Many people think that meditation can not only have an impact on stress and illness, but can also improve prosociality. But meditation and prosociality are multi-dimensional constructs: so what exactly are we talking about here?
Listen to my conversation with Dr Ute Kreplin at the School of Psychology, Massey University in New Zealand as we talk about her research examining this link, and how the way stadies are carried out can affect the sorts of results they report and how we need to be careful about how we interpret them.
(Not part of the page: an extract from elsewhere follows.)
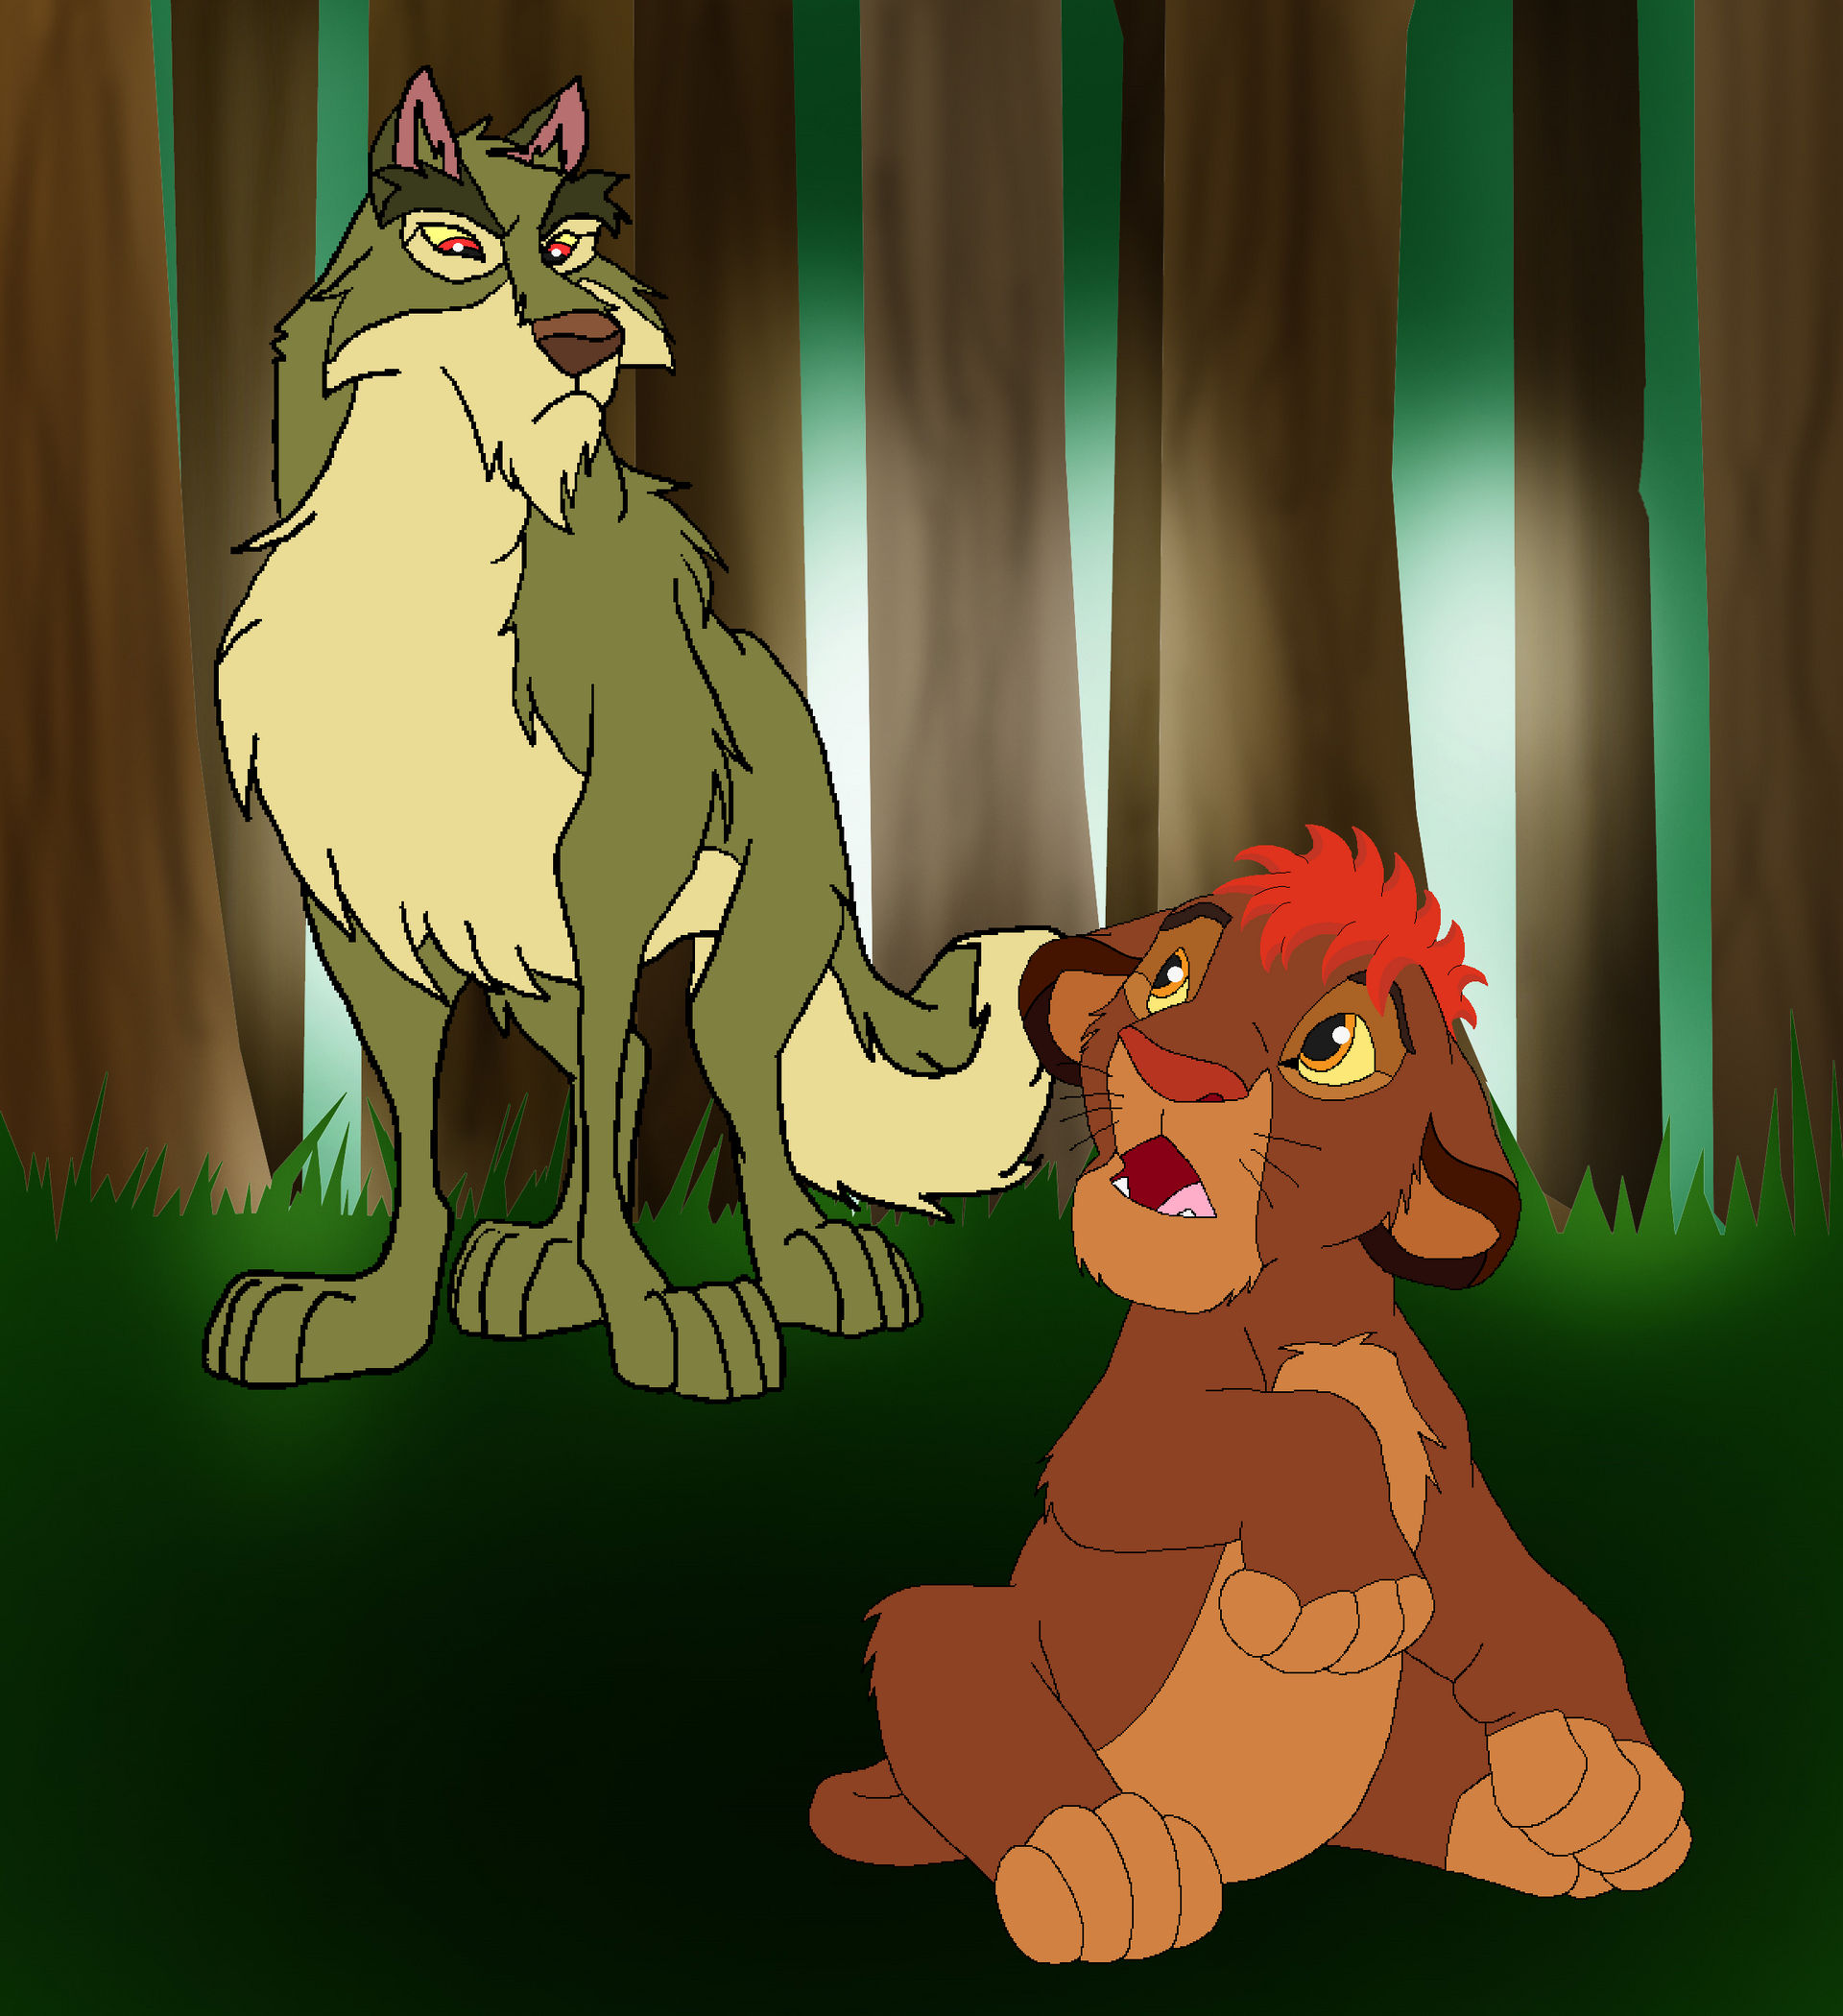 Raja meets a Wolf by Through-the-movies on DeviantArt

Here is the link to the full paper we talk about in this week’s show:
And here is the abstract for context:
Many individuals believe that meditation has the capacity to not only alleviate mental-illness but to improve prosociality. This article systematically reviewed and meta-analysed the effects of meditation interventions on prosociality in randomized controlled trials of healthy adults. Five types of social behaviours were identified: compassion, empathy, aggression, connectedness and prejudice. Although we found a moderate increase in prosociality following meditation, further analysis indicated that this effect was qualified by two factors: type of prosociality and methodological quality. Meditation interventions had an effect on compassion and empathy, but not on aggression, connectedness or prejudice. We further found that compassion levels only increased under two conditions: when the teacher in the meditation intervention was a co-author in the published study; and when the study employed a passive (waiting list) control group but not an active one. Contrary to popular beliefs that meditation will lead to prosocial changes, the results of this meta-analysis showed that the effects of meditation on prosociality were qualified by the type of prosociality and methodological quality of the study. We conclude by highlighting a number of biases and theoretical problems that need addressing to improve quality of research in this area.